One person who would certainly have disapproved of Rajiv Gandhi’s twin capitulation was India’s first Prime Minister. After Partition, Jawaharlal Nehru’s principal aim was to ensure that India did not become a ‘Hindu Pakistan’. In the country’s inaugural General Election, his party’s main plank was the safeguarding of the secular fabric of the Republic. The tone was set by Nehru’s first election speech, at Ludhiana, where he declared ‘an all-out war against communalism’. He ‘condemned the communal bodies which in the name of Hindu and Sikh culture were spreading the virus of communalism as the Muslim League once did…’. These ‘sinister communal elements’ would if they came to power ‘bring ruin and death to the country’.
As the leading liberal born in a Hindu home, Nehru keenly understood the importance of encouraging liberal tendencies in traditions other than his own. He had hoped that Sheikh Abdullah would be the voice of progress and reason among Indian Muslims, but the Sheikh had other ambitions. Then Nehru put his faith in the brilliant, Cambridge-educated scholar, Saifuddin Tyabji. Tragically, Tyabji died in his early forties, just as he was making his mark in Parliament.

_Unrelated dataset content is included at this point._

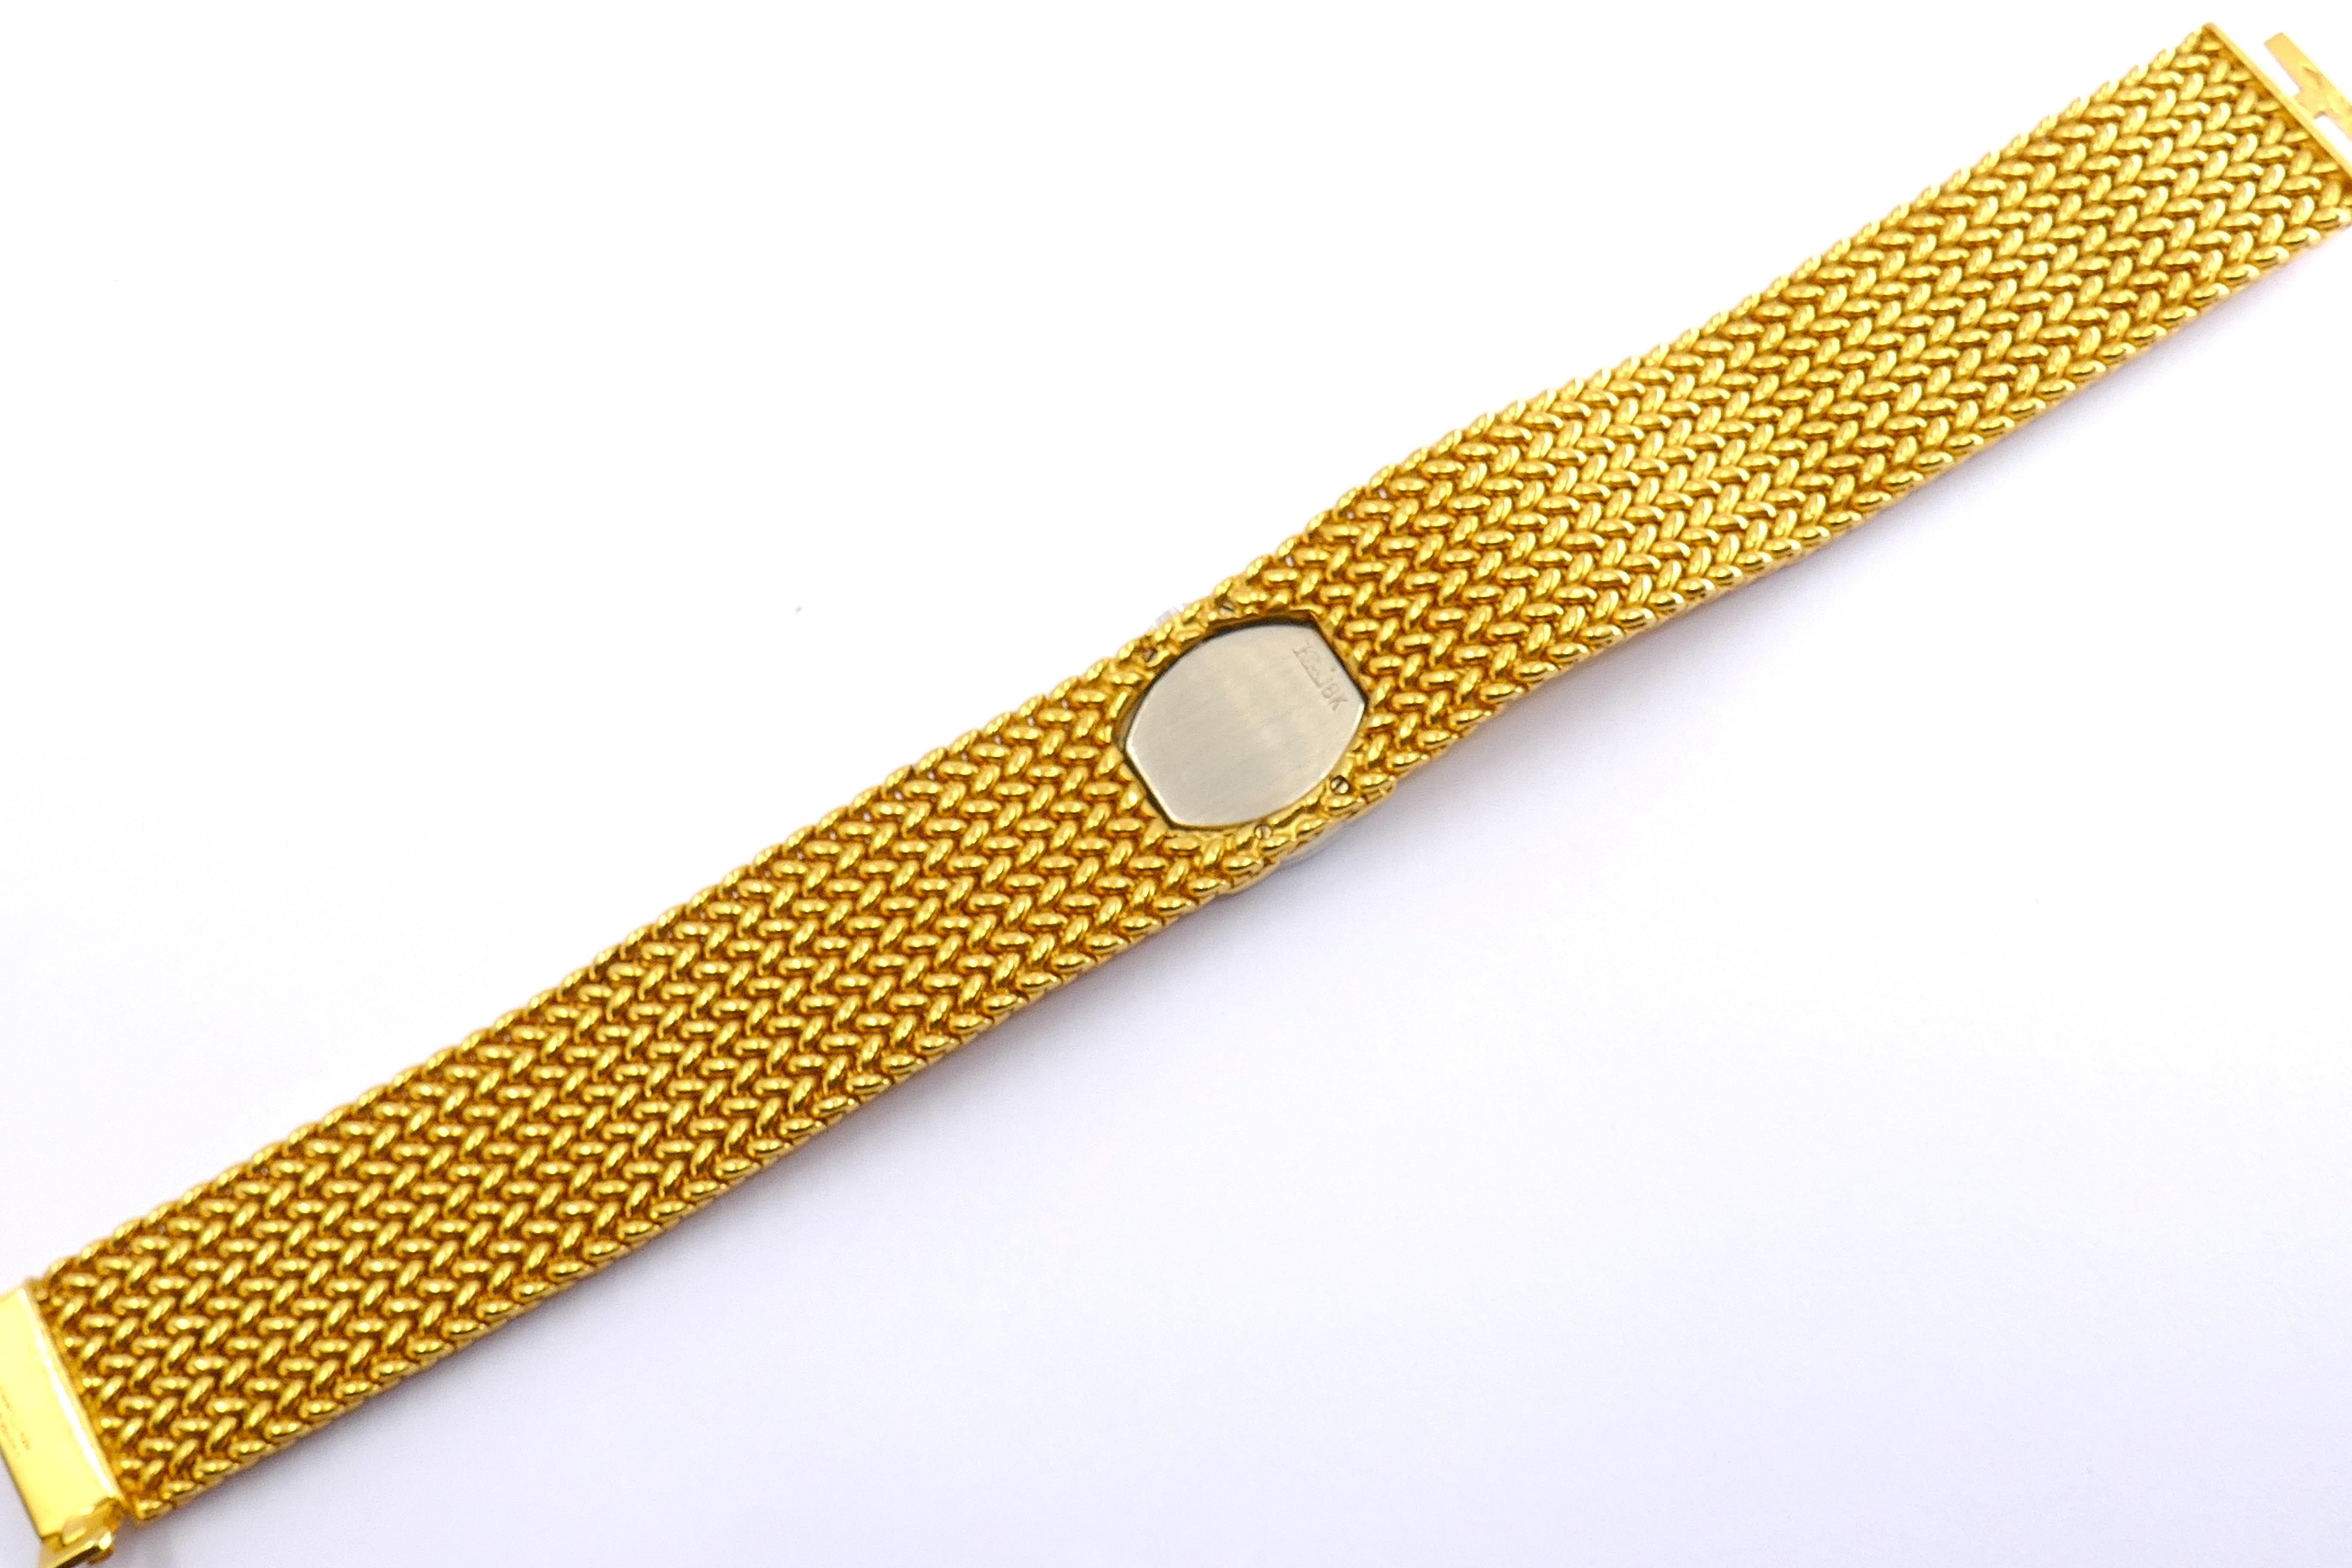 Vintage Cartier 18k Gold Diamond Braided Watch For Sale 3

In the 1950s, Ambedkar, as Law Minister, and Nehru, as Prime Minister, reformed the personal laws of Hindus, allowing Hindu women to choose their marriage partners, to divorce, and to own property. They believed that when Muslims were more secure and had developed a liberal leadership of their own, such reforms would be made to their archaic laws, too. The conjunction that Ambedkar and Nehru had hoped for finally arrived in 1985. Rajiv Gandhi had 400 MPs, a Supreme Court verdict, and a liberal Muslim willing to bat for him (Arif Mohammed Khan), That he still funked it may be attributed either to a lack of a sense of history or a lack of a robust commitment to liberal principles—or perhaps both.
I do not want to make the reverse mistake, of seeing Rajiv Gandhi’s record in office as wholly flawed. He did reconcile the Mizos, he did encourage technological innovation, and he did promote panchayati raj (a contribution strangely unmentioned by Mr Sanghvi). At the same time, his policies encouraged the most reactionary elements among Hindus and Muslims, whose rivalry has since promoted a huge amount of discord and violence, the very discord and violence that Mr Sanghvi himself, in other columns, has tried bravely to combat.